Tuesday, June 28, 2005

From "The Habit of Being", pg. 370

The dissecting language [speaking of a Karl Adam book] repels me too; this is what is known as The Pious Style...In some pious writers there is a lot about the Church being the bride of Christ. This kind of metaphor may have helped that age to get a picture of a certain reality; it fails to help most of us...The only places you can really avoid the Pious Style are in the liturgy and the Bible; and these are the places where the Church herself speaks.

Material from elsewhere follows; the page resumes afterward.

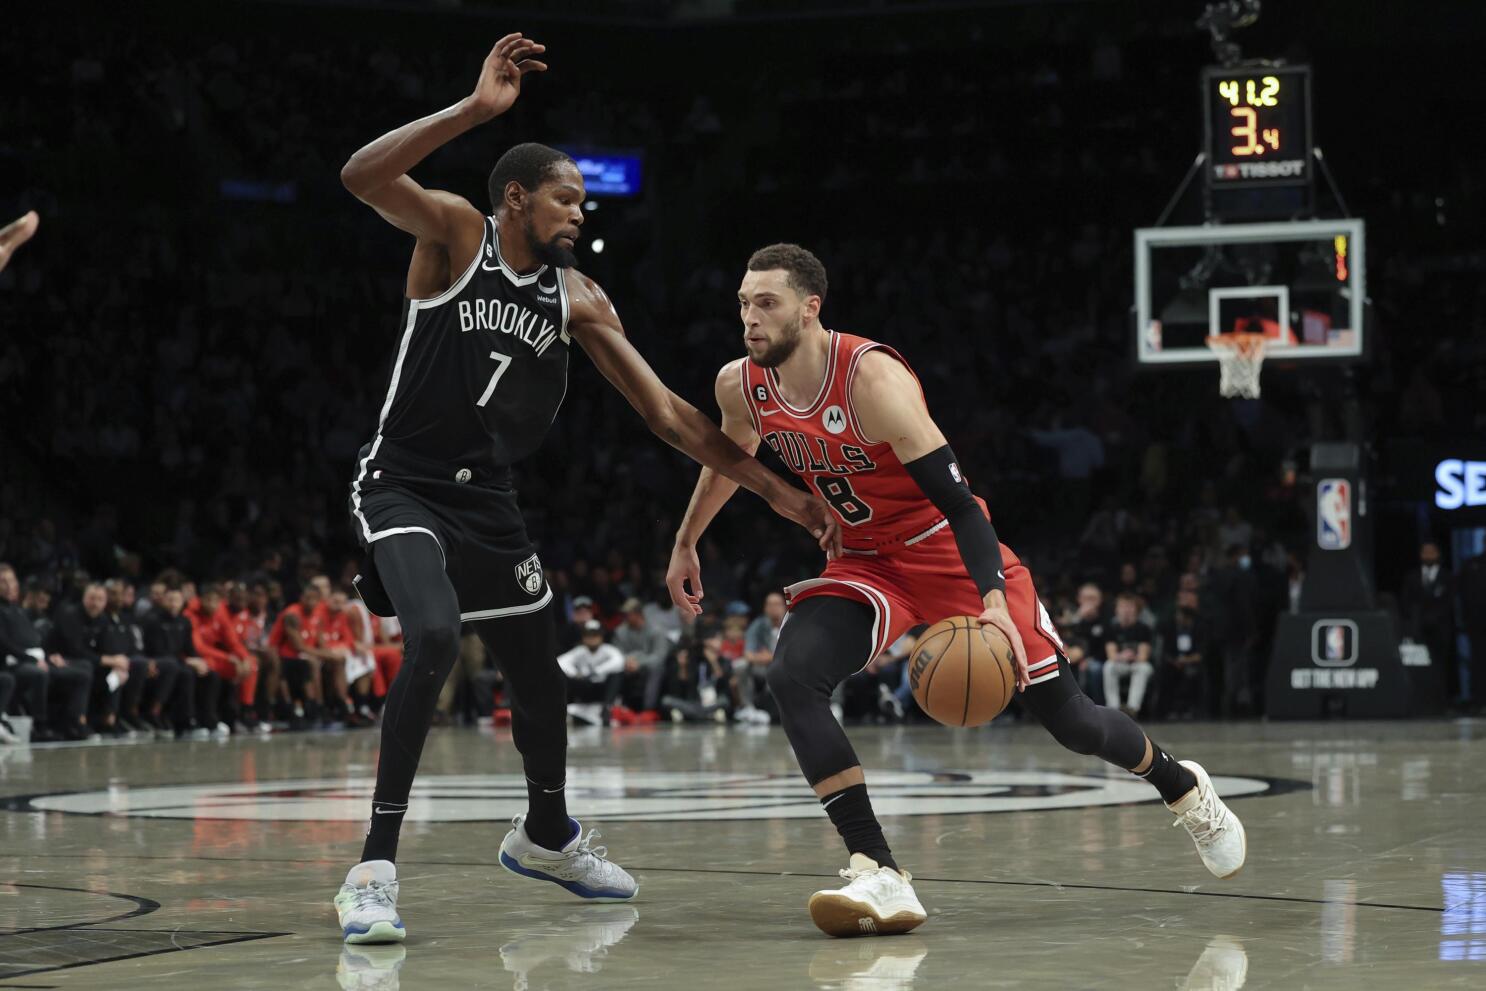 Zach LaVine and DeMar DeRozan star as Chicago Bulls beat Brooklyn Nets in  matchup of Eastern Conference's top teams, NBA News
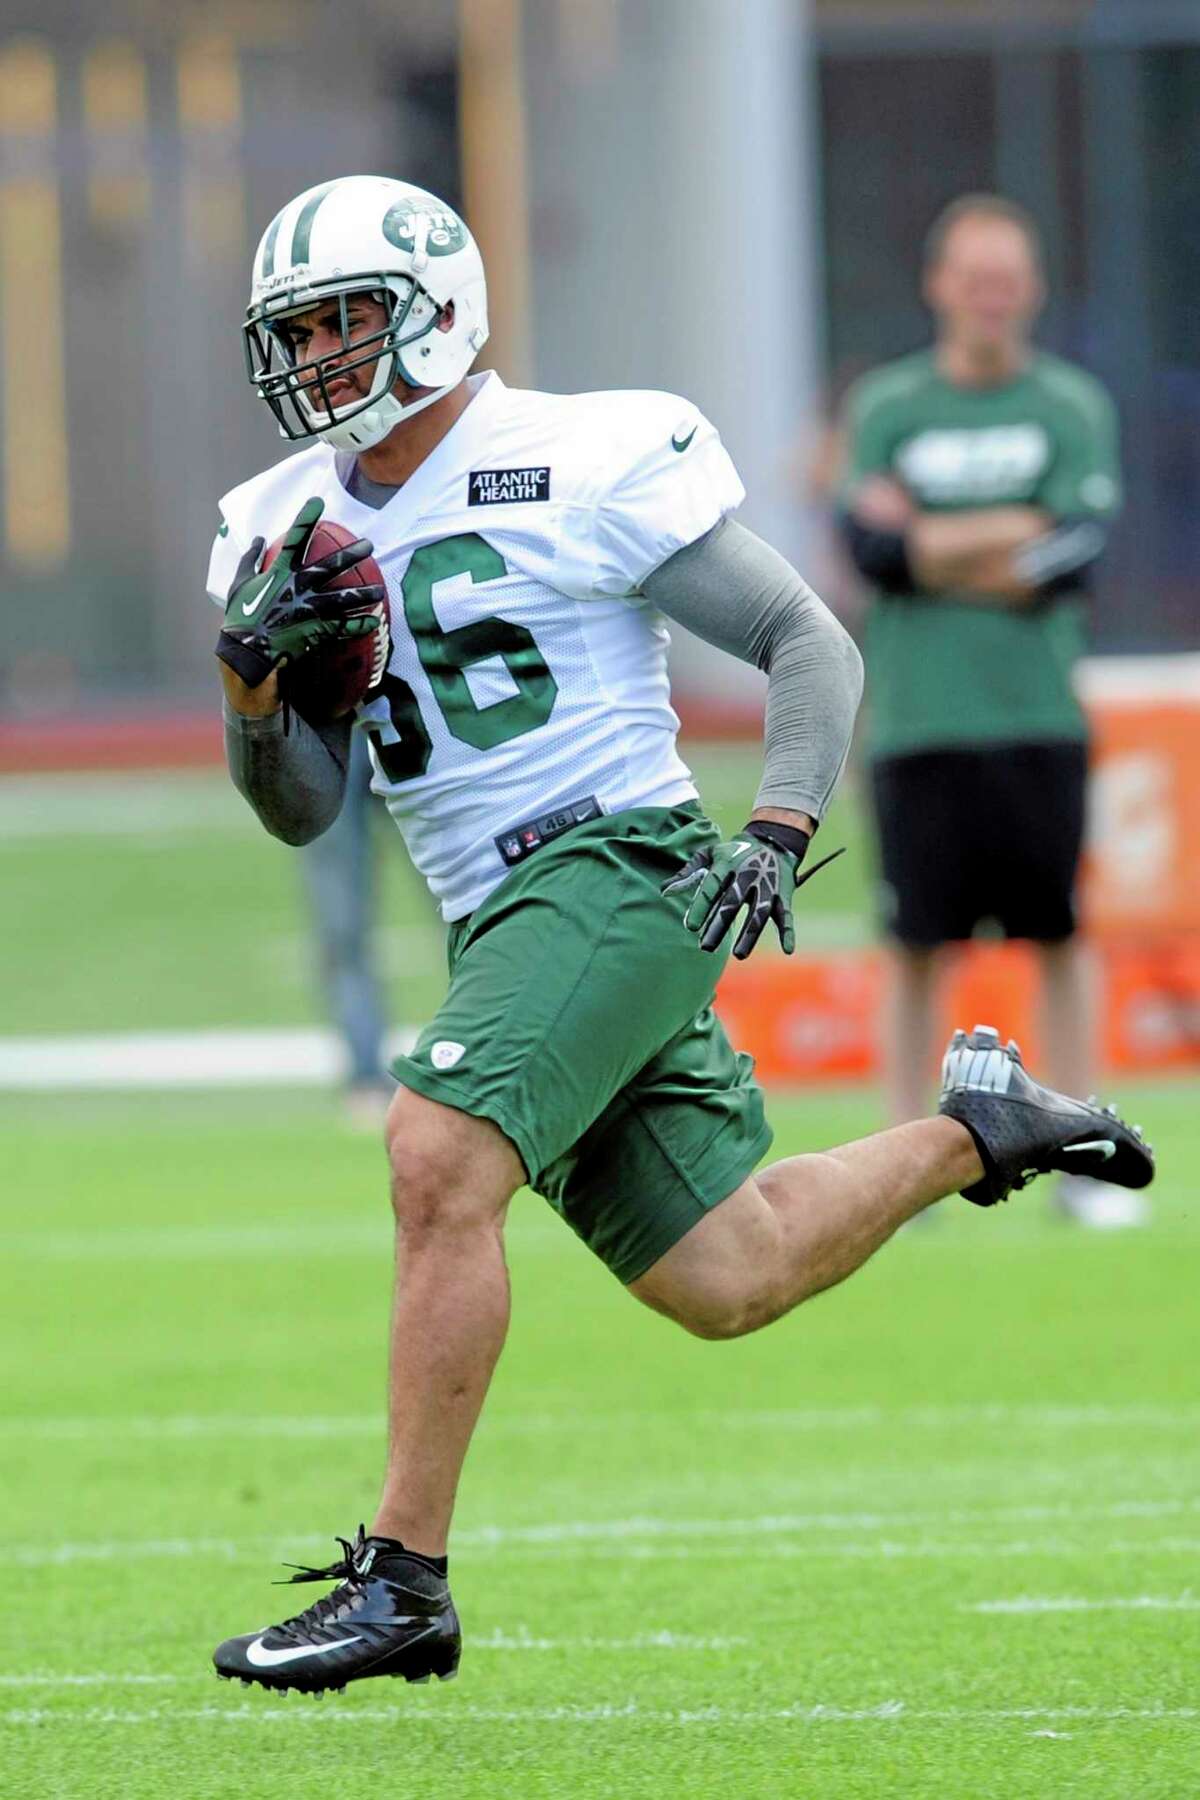 FILE - In this June 11, 2013, file photo, New York Jets fullback Lex Hilliard runs with the ball during NFL football minicamp in Florham Park, N.J. A person familiar with the injury says Hilliard will miss the entire season with a broken shoulder blade that requires surgery. He was injured during practice on Tuesday, Aug. 20, 2013, when he went down after a running play. The person spoke to The Associated Press on condition of anonymity because the team had not announced the severity of Hilliard's injury. (AP Photo/Bill Kostroun, File)

from The Habit of Being, pg. 145

The virtue of novenas is that they keep you at it for nine consecutive days and the human attention being what it is, this is a long time. I hate to say most of these prayers written by saints-in-an-emotional-state. You feel you are wearing somebody else's finery and I can never describe my heart as "burning" to the Lord (who knows better) without snickering.

Monday, June 20, 2005

On the Christian writer...

The Christian writer does not decide what would be good for the world and proceed to deliver it. Like a very doubtful Jacob, he confronts what stands in his path and wonders if he will come out of the struggle at all.

Friday, May 13, 2005

On the Importance of Stories...

Our response to life is different if we have been taught only a definition of faith than if we have trembled with Abraham as he held a knife over Isaac.

Wednesday, April 13, 2005

"The Habit of Being" 92

For me a dogma is only a gateway to contemplation and is an instrument of freedom and not of restriction.It preserves mystery for the human mind. Henry James said the young woman of the future would know nothing of mystery or manners. He had no business to limit it to one sex.

from "The Habit of Being"

What one has as a born Catholic is something given and accepted before it is experienced. I am only slowly coming to experience things that I have all along accepted. I suppose the fullest writing comes from what has been accepted and experienced both and that I have just not got that far yet...Conviction without experience makes for harshness.

The Habit of 97

Both St. Thomas [Aquinas] and St. John of the Cross, dissimilar as they were, were entirely united by the same belief. The more I read St. Thomas the more flexible he appears to me. Incidentally, St. John would have been able to sit down with the prostitute and said, "Daughter, let us consider this," but St. Thomas doubtless knew his own nature and knew that he had to get rid of her with a poker or she would overcome him. I am not only for St. Thomas here but am in accord with his use of the poker. I call this being tolerantly realistic, not being a fascist.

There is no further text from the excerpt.